The light conversion unit optionally includes a substrate and optionally a binder, the substrate being connected directly or indirectly to the back of the light conversion element and preferably in the form of a heat sink, and the binder optionally being between the light conversion element and the substrate. and is preferably in the form of an organic adhesive, glass, ceramic adhesive, inorganic adhesive, sintered sinter paste and/or metallic solder alloy, preferably a metallic solder alloy or sintered sinter paste, preferably a metallic solder alloy.

The light conversion element includes a first phase comprising a light conversion ceramic material and a second phase comprising an additional ceramic material, the second phase having a higher thermal conductivity than the first phase.

The light conversion element comprises a number of pores that serve in particular to scatter light.

The lighting devices or light conversion units described above may find use, for example, in “dynamic” applications (color wheels) or “static” applications (die on heatsink).

The present invention is explained in detail below with reference to the accompanying drawings. The drawing shows:
Figure 1: Experimentally confirmed reflection spectra of converter ceramics with and without addition of Al ₂ O ₃ at different porosity;
Figure 2: Scattering coefficients of transducer ceramics calculated from measured reflectivities, with and without addition of Al ₂ O ₃ at various porosity,
Figure 3: [(Y _0.993 Ce _0.007 ) ₃ Al ₅ O ₁₂ ] _0.46 [Al ₂ O ₃ ] _0.54 composition, light phase: YAG, dark phase: Al ₂ O ₃ , and pores. SEM images of mixed ceramics,
Figure 4: Thermal conductivity at 20°C of the materials from Table 2 (for porosity of this size, the thermal conductivity decreases in a linear fashion as porosity increases; the blended ceramic has a much higher thermal conductivity than the single phase YAG ceramic. shows),
Figure 5: Mixture of [(Y _0.989 Ce _0.011 ) ₃ Al ₅ O ₁₂ ] _0.65 [Al ₂ O ₃ ] _0.35 composition, light phase: (Y _0.989 Ce _0.011 ) ₃ Al ₅ O ₁₂ , dark phase: Al ₂ O ₃ SEM image of the ceramic, with some visible pores (very dark) marked as an example.
Figure 6: SEM image of a mixed ceramic with the composition [(Lu _0.9937 Ce _0.008 ) ₃ Al ₅ O ₁₂ ] _0.5 [Al ₂ O ₃ ] _0.5 ;
Figure 7: Composition [(Lu _0.9937 Ce _0.008 ) ₃ Al ₅ O ₁₂ ] _0.5 [Al ₂ O ₃ ] _0.5 , bright phase: (Lu _0.9937 Ce _0.008 ) ₃ Al ₅ O, indicating the presence of visible pores. ₁₂ , dark phase: SEM image of mixed ceramic of Al ₂ O ₃ ,
Figure 8: Scattering coefficient calculated from measured reflectance for the transducer ceramic from Table 3,
Figure 9: Distribution of pore diameters in cross section (polished section), where diameters are given in nm.

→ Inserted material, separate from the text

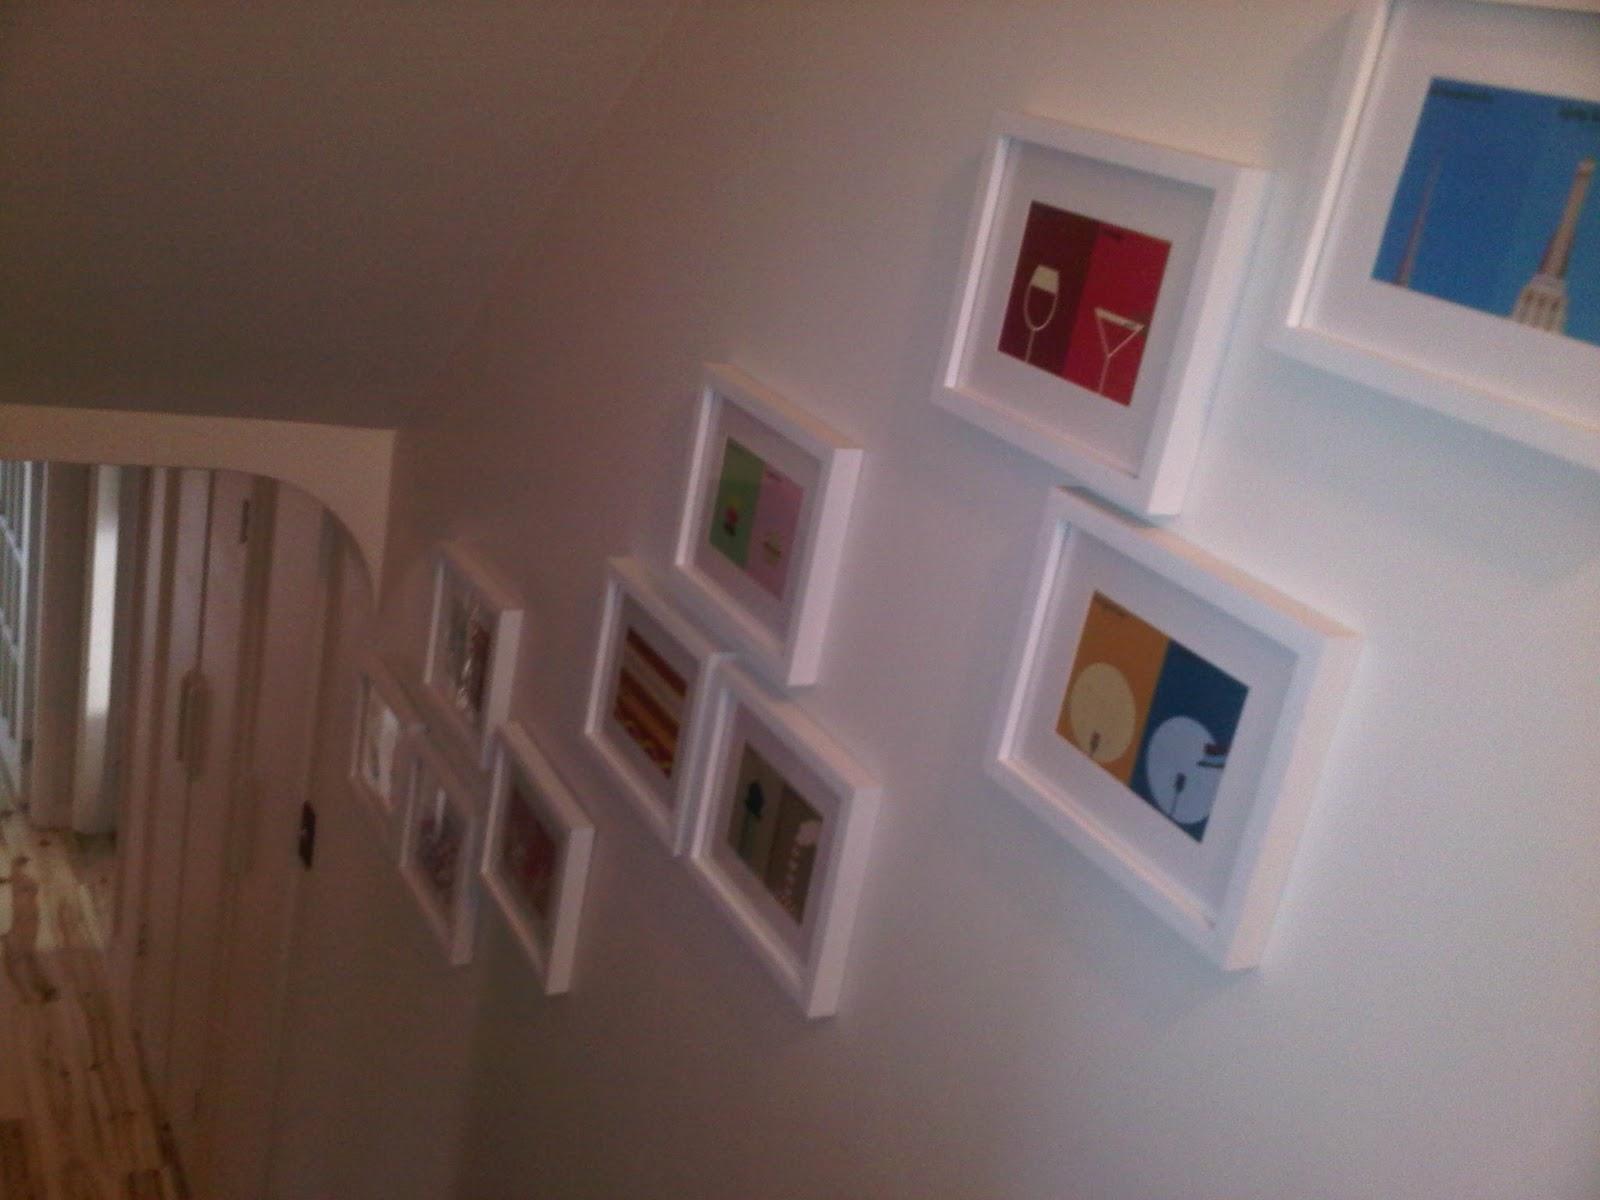 http://1.bp.blogspot.com/-YEcDdyuYJaQ/Tycfx0I5upI/AAAAAAAACg4/VJfRcf6cLwM/s1600/paris+vs+nyc+on+my+walls.jpg
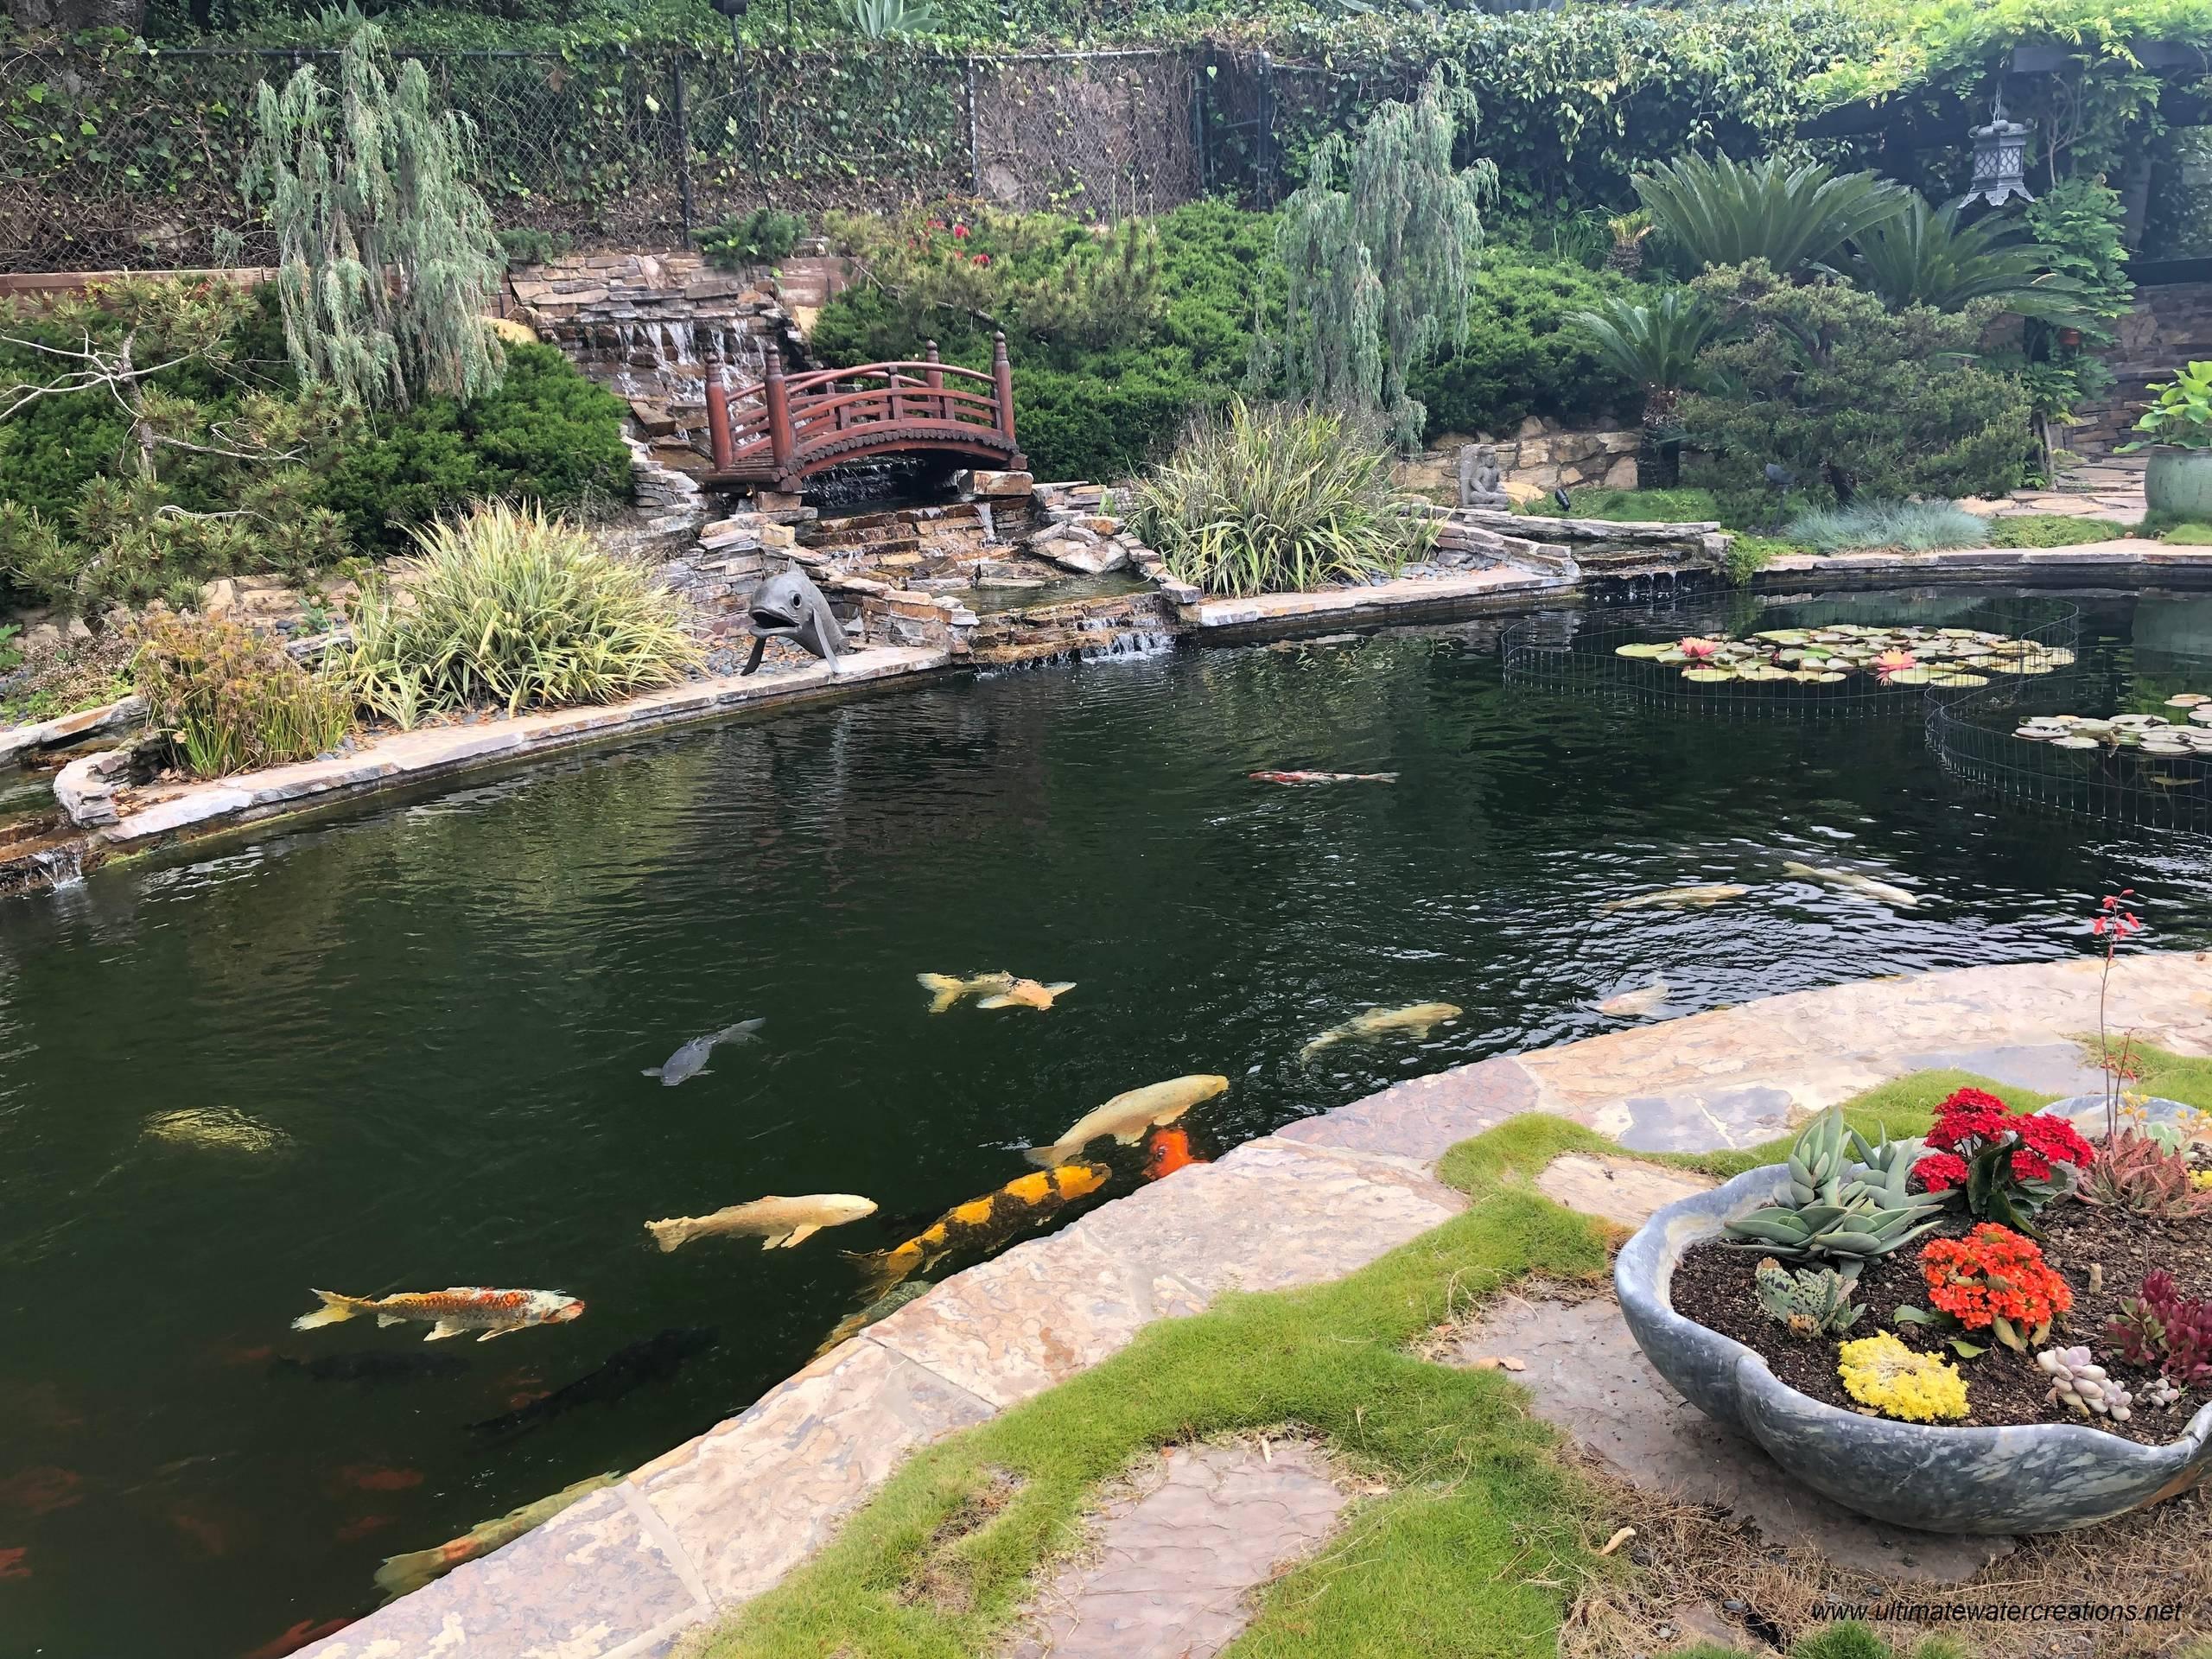 Bel Air - Naturalistic 20'x40' Koi Pond with Landscaping & Bridge

For efficient reflective lighting devices with light conversion elements comprising mixed ceramics, especially for SSL (solid state lighting), the pores enable sufficiently large scattering (sufficiently large scattering coefficient). This particularly applies to Al ₂ O ₃ and YAG materials.

The refractive indices of Al ₂ O ₃ and YAG materials are not significantly different from each other: the refractive index of Al ₂ O ₃ is about 1.77, and that of YAG is about 1.83. Therefore, the optical scattering effect resulting from the mixed ceramic alone without pores can be assumed to be relatively small.

(여기서는: Lu₃ Al₅O₁₂의 것) 및

(여기서는: Al₂O₃의 것) 및 질량 m₁ 및 m₂는 혼합 세라믹의 이론적 밀도

를 찾는 데 사용된다:This situation has also been experimentally proven by our own research. Converter ceramics of different porosity (i.e., with different scattering properties) were produced from Ce:LuAG in some cases with the addition of aluminum oxide and in some cases without the addition of aluminum oxide. theoretical density

(here: Lu ₃ Al ₅ O ₁₂ ) and

(here: of Al ₂ O ₃ ) and masses m ₁ and m ₂ are the theoretical densities of the mixed ceramic

is used to find:

와 관련하여 측정되었으며, 소결체의 공극률 P는 다음과 같다:The produced sintered body has its own density

Measured in relation to , the porosity P of the sintered body is as follows:

Sintered bodies of different porosity were used to prepare (double-sided polished) samples of specific thicknesses ranging between 100 and 250 μm. Reflectance was measured in the green-red spectral region (since absorption here is negligibly small). Therefore, the confirmed reflectance includes both Fresnel reflection and backscatter.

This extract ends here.